## SOURCE DATA
*** Begin section ***

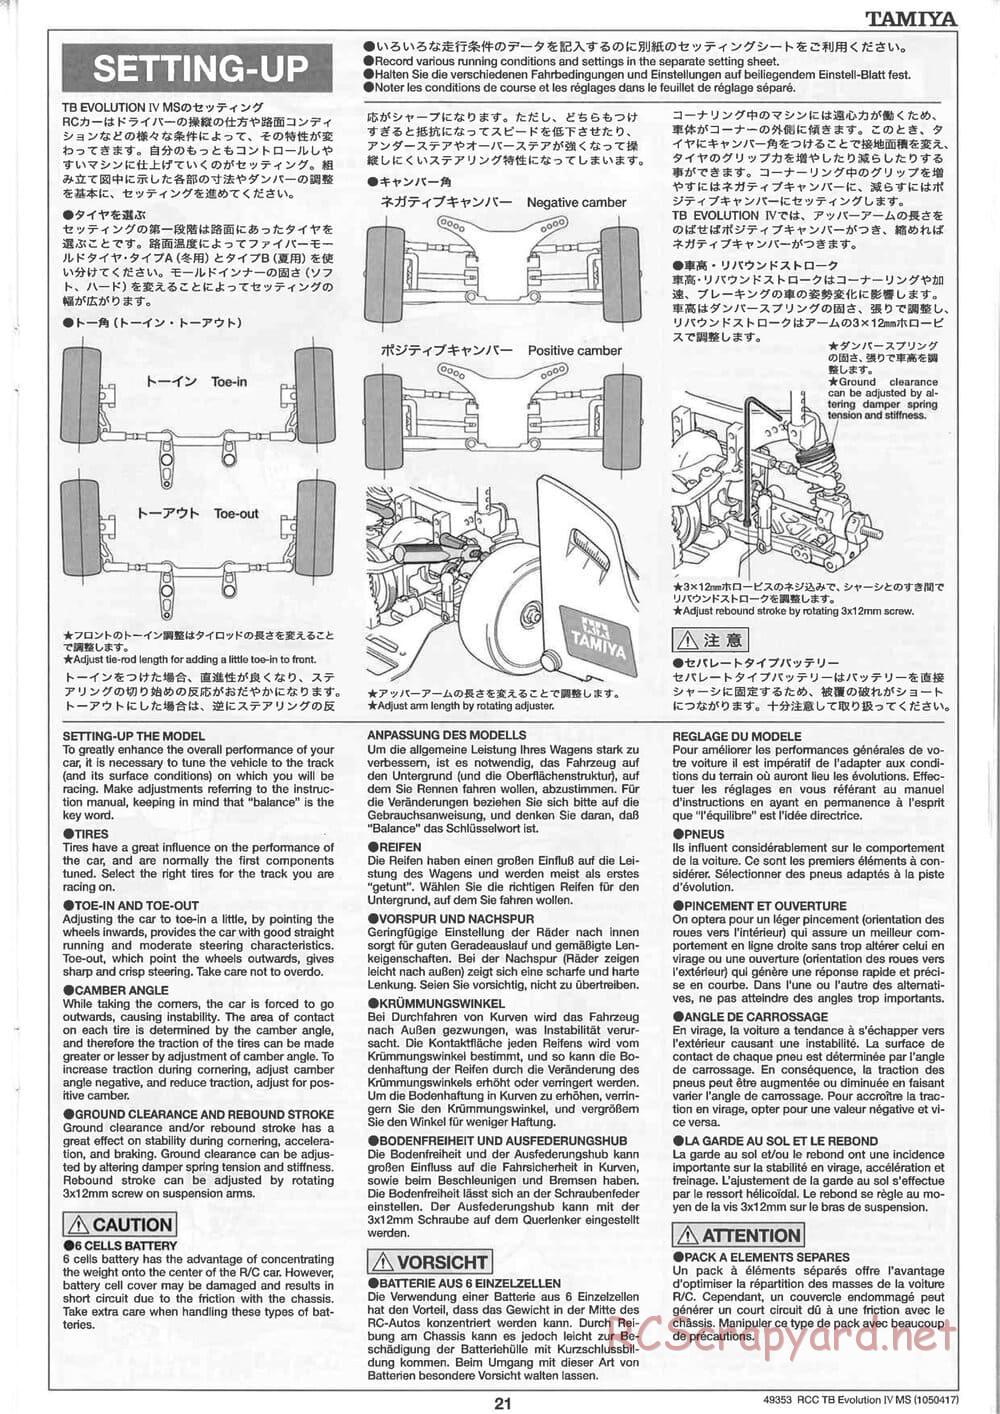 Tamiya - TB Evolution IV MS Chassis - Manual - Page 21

*** End section ***
*** Begin section ***

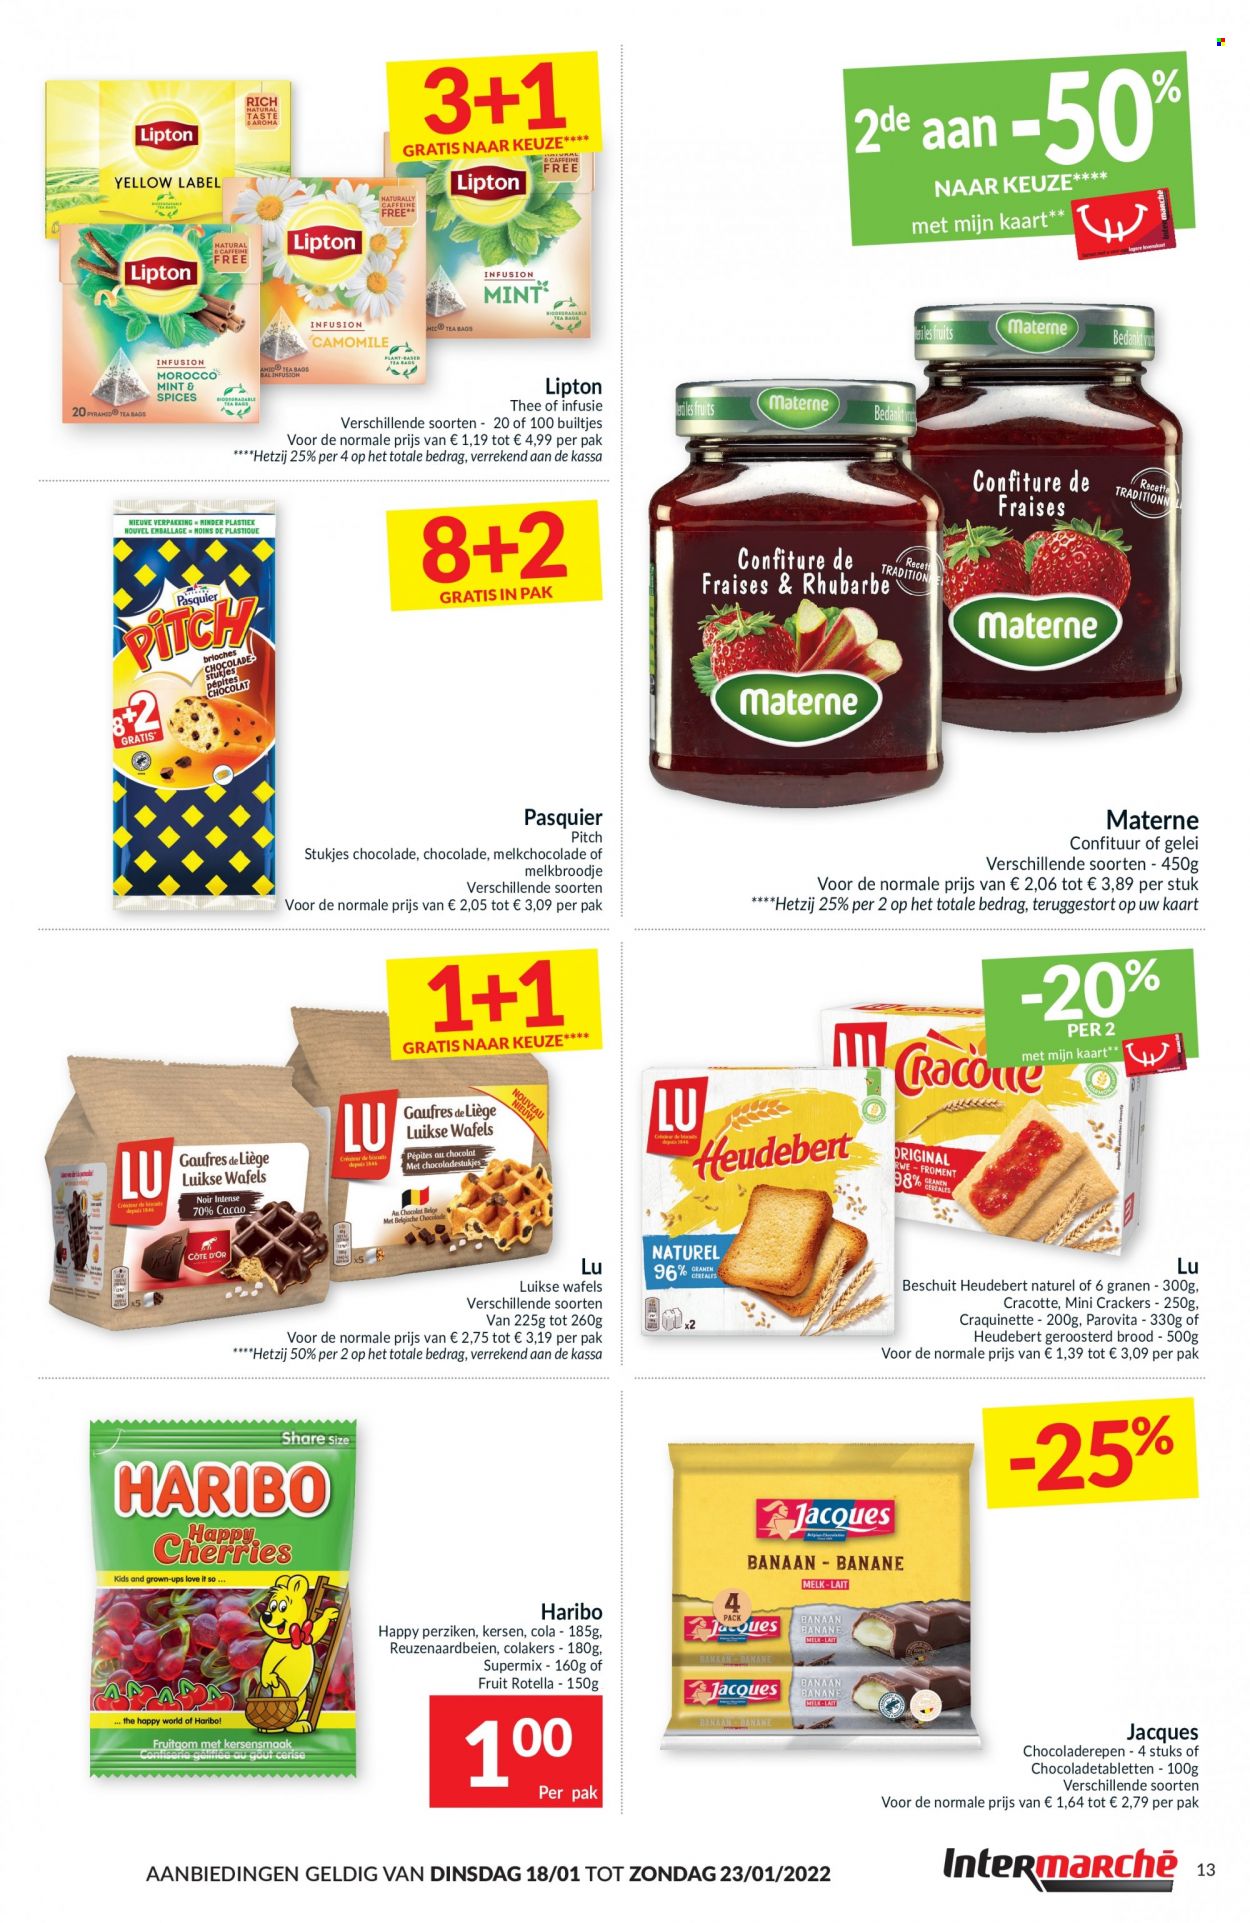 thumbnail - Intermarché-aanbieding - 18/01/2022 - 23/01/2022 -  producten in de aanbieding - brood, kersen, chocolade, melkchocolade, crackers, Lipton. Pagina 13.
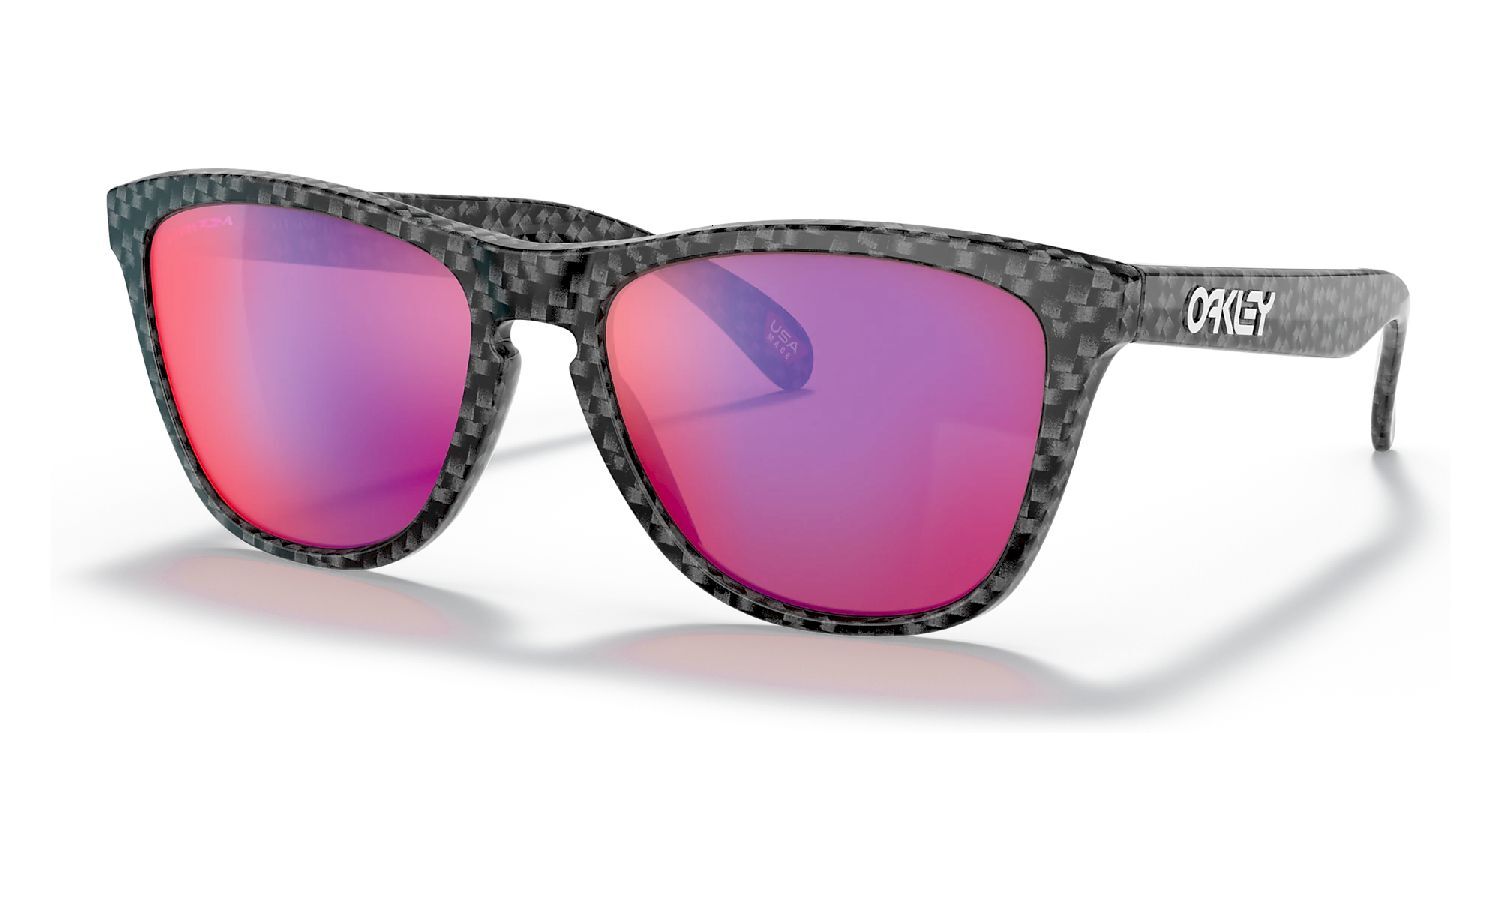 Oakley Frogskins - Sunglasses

*** End section ***
*** Begin section ***

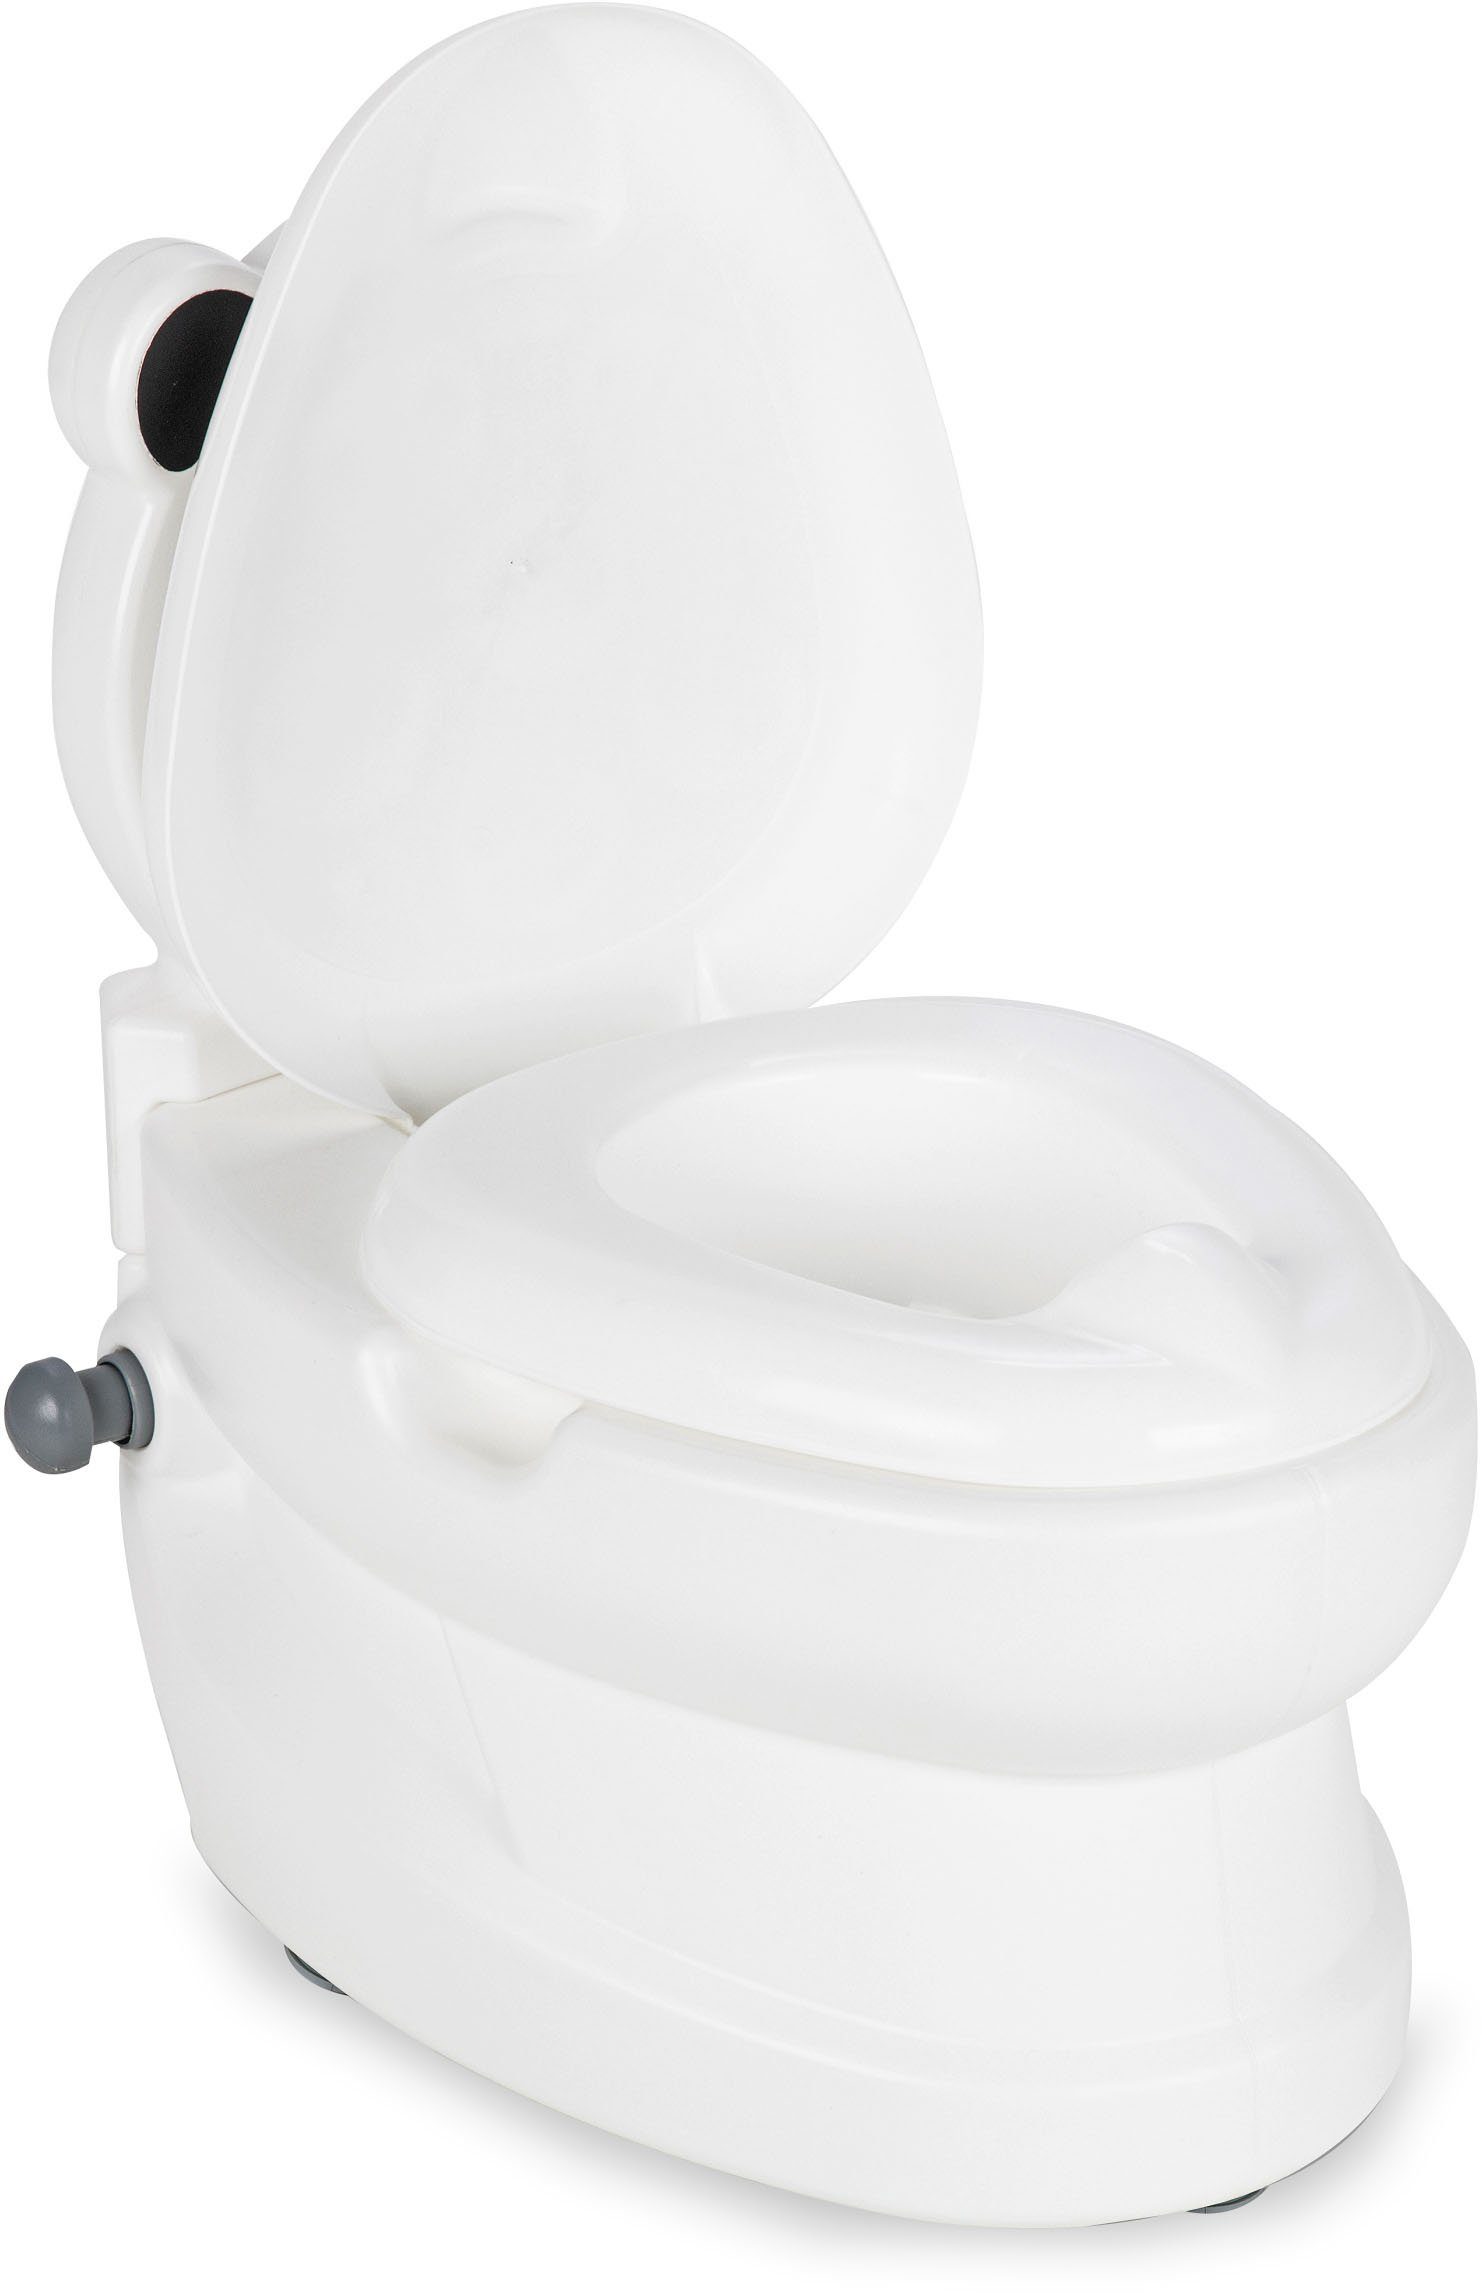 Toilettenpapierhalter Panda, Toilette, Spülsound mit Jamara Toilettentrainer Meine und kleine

*** End section ***

## TASK REQUIREMENTS
Print, exactly and with no pictures, the lines of the listing above starting at the one that has "thumbnail - Intermarché-aanbieding" and ending at the one that has "Oakley Frogskins - Sunglasses", both included.

## FINISHED TASK
 thumbnail - Intermarché-aanbieding - 18/01/2022 - 23/01/2022 -  producten in de aanbieding - brood, kersen, chocolade, melkchocolade, crackers, Lipton. Pagina 13.
 Oakley Frogskins - Sunglasses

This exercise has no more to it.